Undistorted image를 계산하기 위한 식으로 바꾸면 이와 같게됩니다. 이 식을 이용하기 위해서 계수들을 구하는 과정이 필요하고, 여러 점들을 이용하여 계수를 설정하여 이러한 왜곡 현상을 줄일 수 있습니다.

방사/접선 왜곡 이외에도 다양한 왜곡이 존재하며, 대표적으로는 원근 왜곡이 있습니다. 원근 왜곡은 3차원 공간이 2차원으로 투영되는 과정에서 생기게 되며 위에서 사용한 방식으로 해결할 수 없습니다. 이러한 문제를 해결하기 위해서는 2장 이상의 이미지를 이용하여 disparity를 계산하고, 3차원 위치를 추정하는 방식이 가능합니다. (Multiple View Geometry)

이외에도 사물의 실제크기에 대한 정보나 사물과 주변의 관계, 추정 가능한 구조를 통해 크기를 추정하는 방식이 있을 수 있습니다.

cv2.calibrateCamera(objectPoints, imagePoints, imageSize, cameraMatrix,
					distCoeffs[, rvecs[, tvecs[, flags[, criteria]]]])
'''리턴값: retval, cameraMatrix, distCoeffs, rvecs, tvecs'''

OpenCV에서는 calibrateCamera 함수를 이용하여 camera calibration을 합니다. cv2.calibrateCamera 함수는 여러가지를 리턴하는데, mtx는 camera matrix이며, dist는 위의 계수의 값들, rvecs, tvecs는 회전과 이동의 값입니다.

지금까지의 내용을 코드로 구현해본 결과입니다.

import cv2
import glob
import numpy as np
import time


# Get image path list
image_path_list = glob.glob("./images/*.jpg")
# print(image_path_list)

# Chessboard Config
BOARD_WIDTH = 9
BOARD_HEIGHT = 6
SQUARE_SIZE = 0.025  # 단위는 [m]
'''
chessboard는 일반적으로 홀수 * 짝수개의 조합을 사용해
가로 세로를 구분한다.
'''

pattern_size = (BOARD_WIDTH, BOARD_HEIGHT)
criteria = (cv2.TERM_CRITERIA_EPS + cv2.TERM_CRITERIA_MAX_ITER, 30, 0.001)


def chessboard_finding():
    DISPLAY_IMAGE = True
    for image_path in image_path_list[0:1]:
        src = cv2.imread(image_path, cv2.IMREAD_COLOR)
        gray = cv2.cvtColor(src, cv2.COLOR_BGR2GRAY)
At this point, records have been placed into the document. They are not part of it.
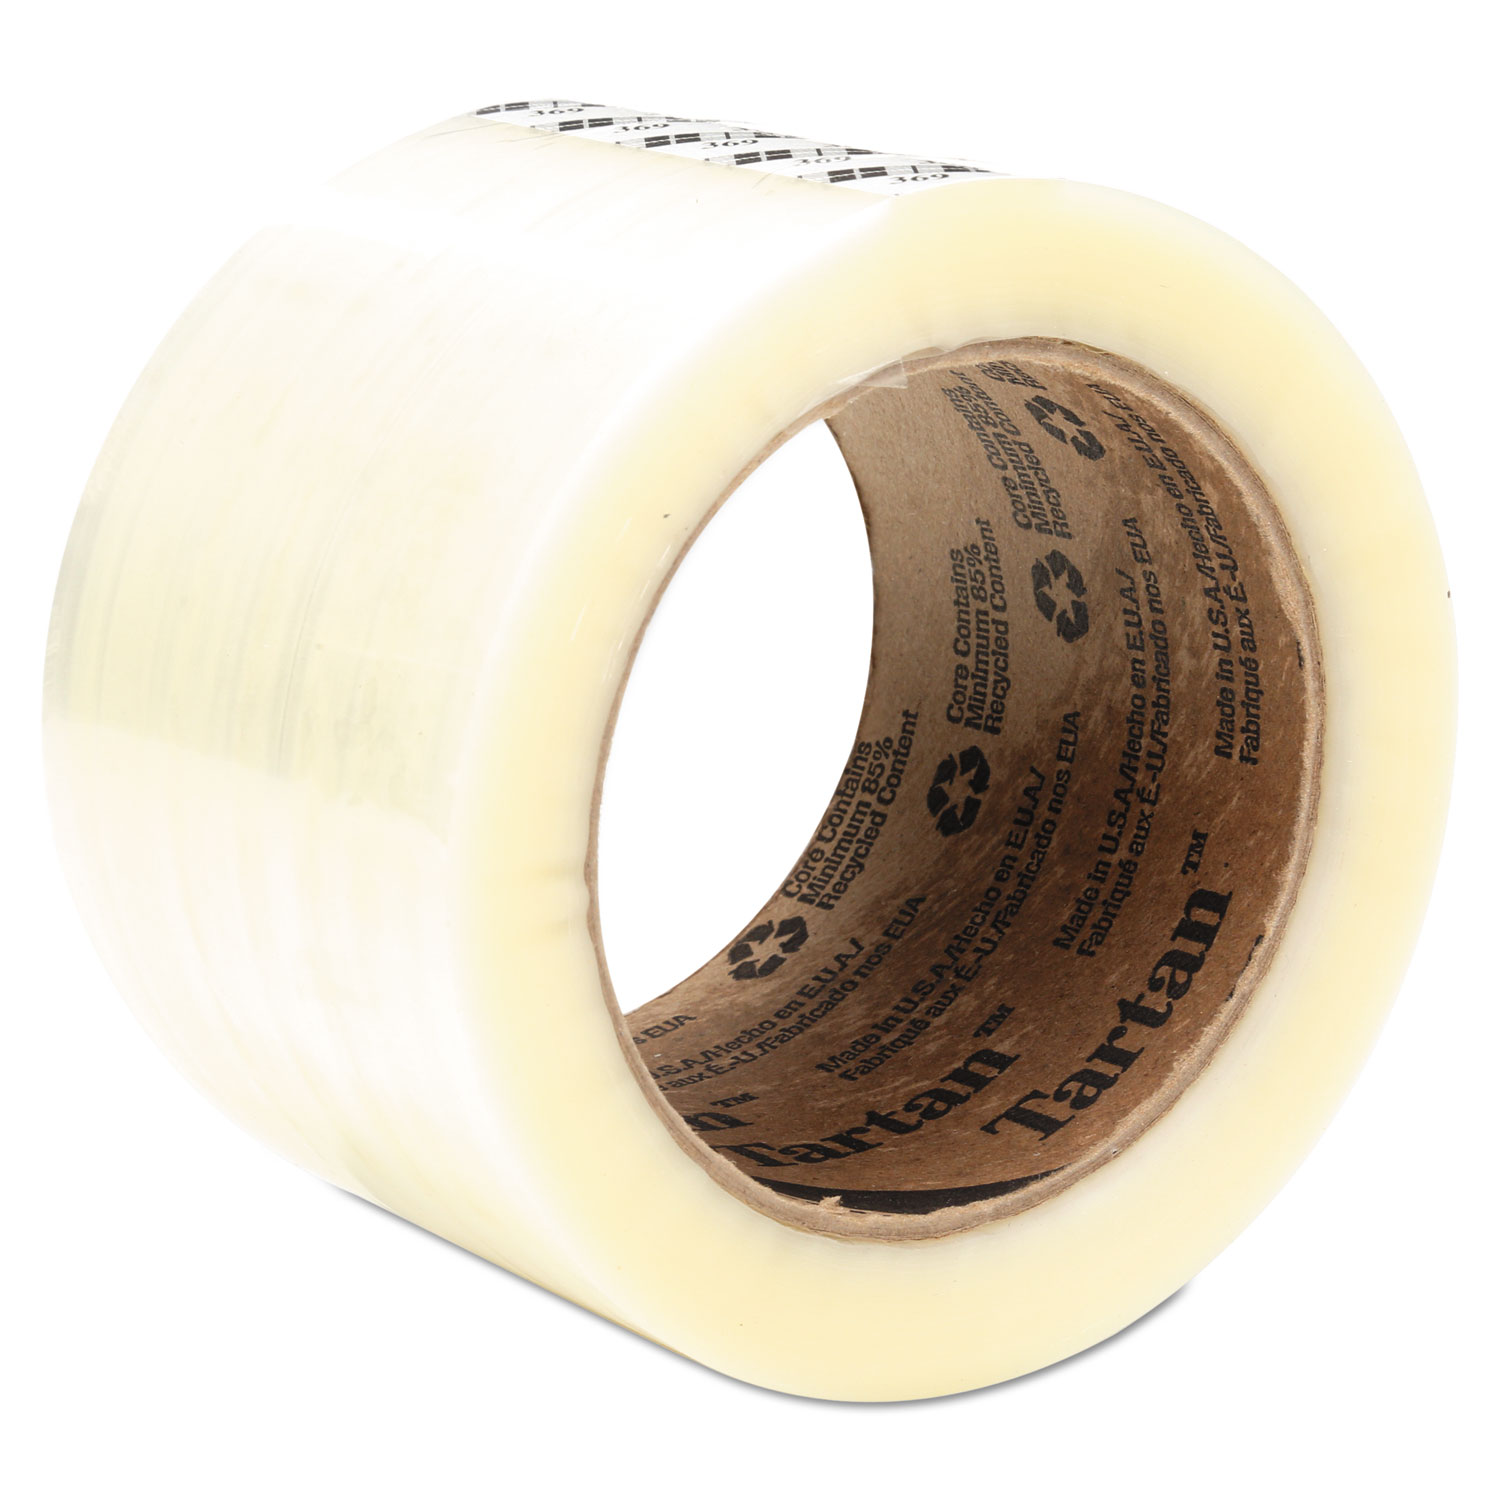 369 Packaging Tape, 72 mm x 100 m, 3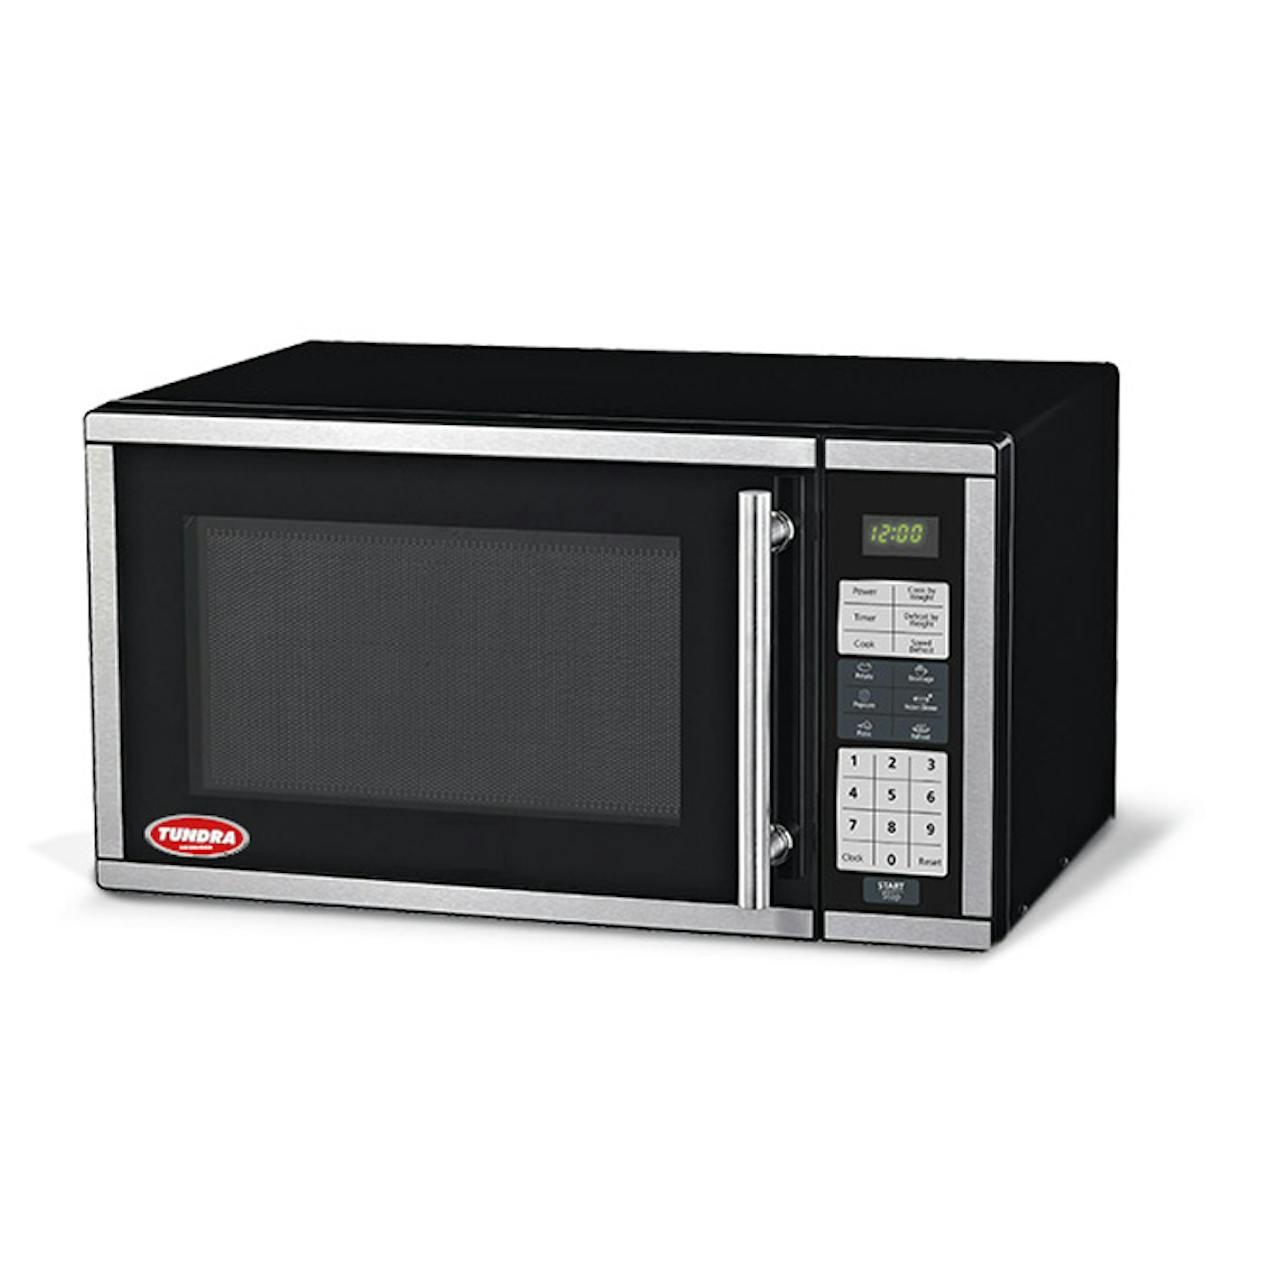 Tundra MW Series Truck Microwave Oven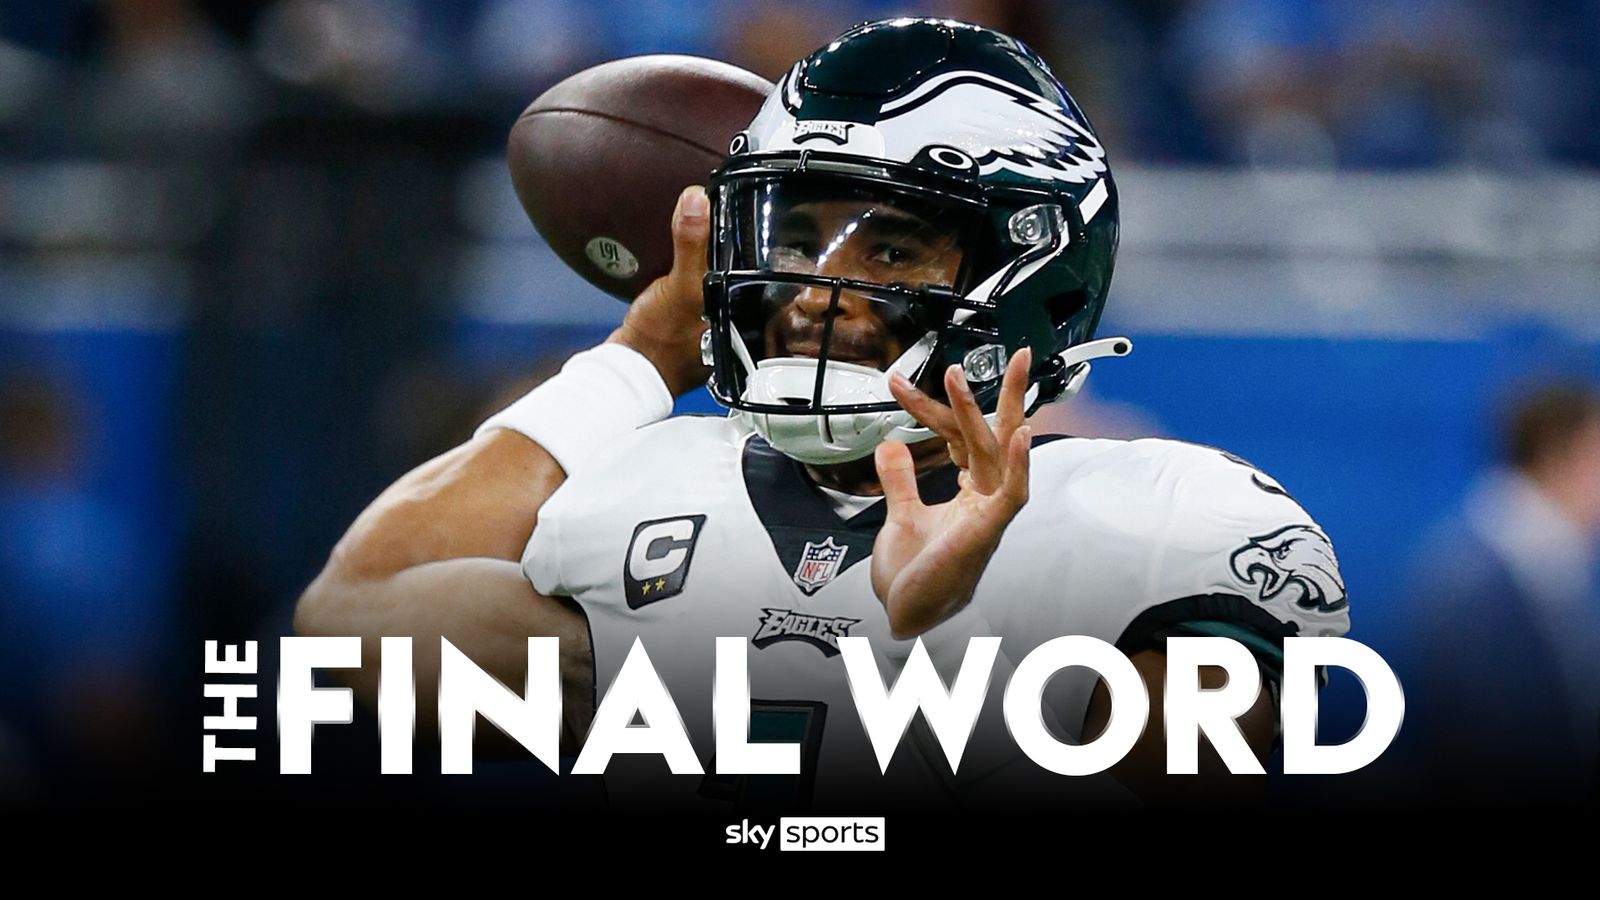 NFL: Philadelphia Eagles impress, Saquon Barkley back to his best and Justin Jefferson’s in for monster year in Minnesota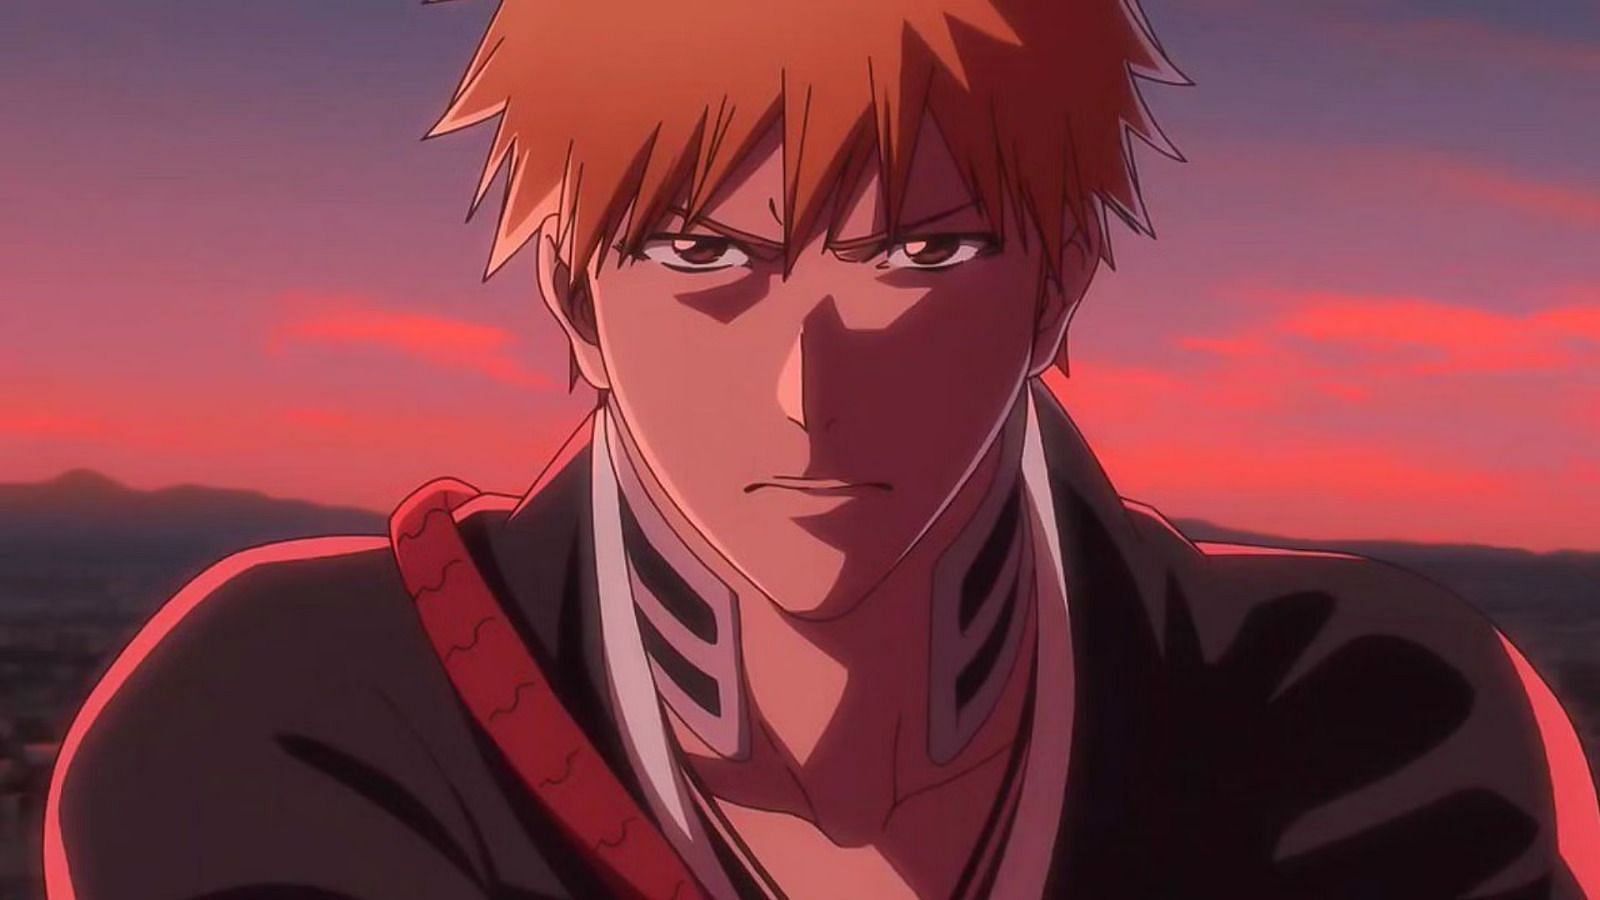 How many seasons does Bleach have? Every season in chronological order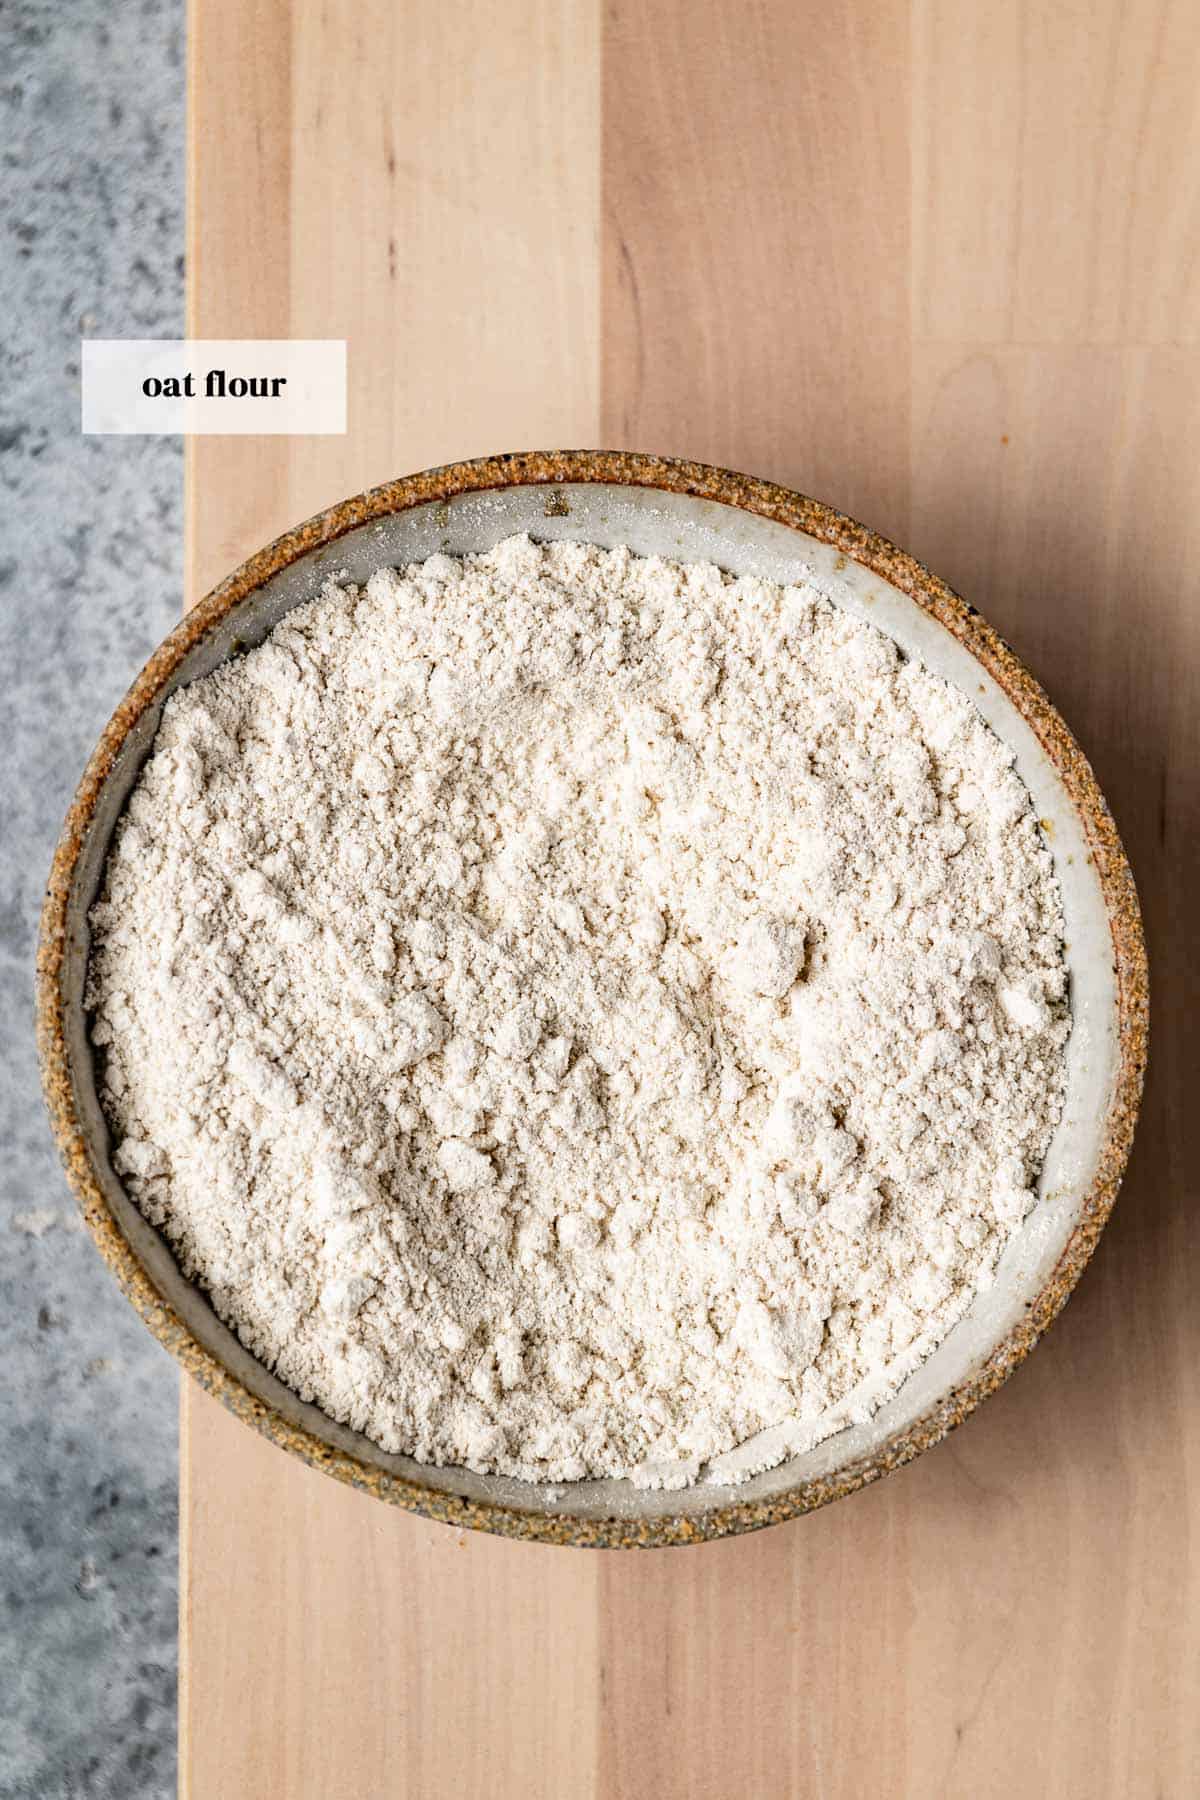 Oat flour in a bowl from the top view.

        ret, corners = cv2.findChessboardCorners(gray, pattern_size, None)
        corners2 = cv2.cornerSubPix(
            gray, corners, (11, 11), (-1, -1), criteria)
        # print(corners)
        '''
        corners는 [ [[x1, y1]], [[x2, y2]] ]와 같은 형태로 표현된다.
        cornerSubPix는 코너 위치를 refine하는 역할을 수행한다.
        '''
        counter = 0
        if ret:
            if DISPLAY_IMAGE:
                image_corner = cv2.drawChessboardCorners(
                    src, pattern_size, corners2, ret)
                for corner in corners2:
                    counter_text = str(counter)
                    corner = list(map(int, np.squeeze(corner)))
                    cv2.putText(image_corner, counter_text,
                                corner, 2, 0.5, (0, 0, 0), 1)
                    counter += 1

                cv2.imshow("corner drawn image", image_corner)
                while (cv2.waitKey(0) != 27):
                    continue
    cv2.destroyAllWindows()


def undistorting():
    VISUALIZATION = True
    img_pts = []  # 2D location
    obj_pts = []  # 3D location

    for i in range(len(image_path_list)):
        object_point = list()
        height = 0
        for _ in range(0, BOARD_HEIGHT):
            # Loop Width -> 9
            width = 0
            for _ in range(0, BOARD_WIDTH):
                # Loop Height -> 6
                point = [[height, width, 0]]
                object_point.append(point)
                width += SQUARE_SIZE
            height += SQUARE_SIZE
        obj_pts.append(object_point)
    obj_pts = np.asarray(obj_pts, dtype=np.float32)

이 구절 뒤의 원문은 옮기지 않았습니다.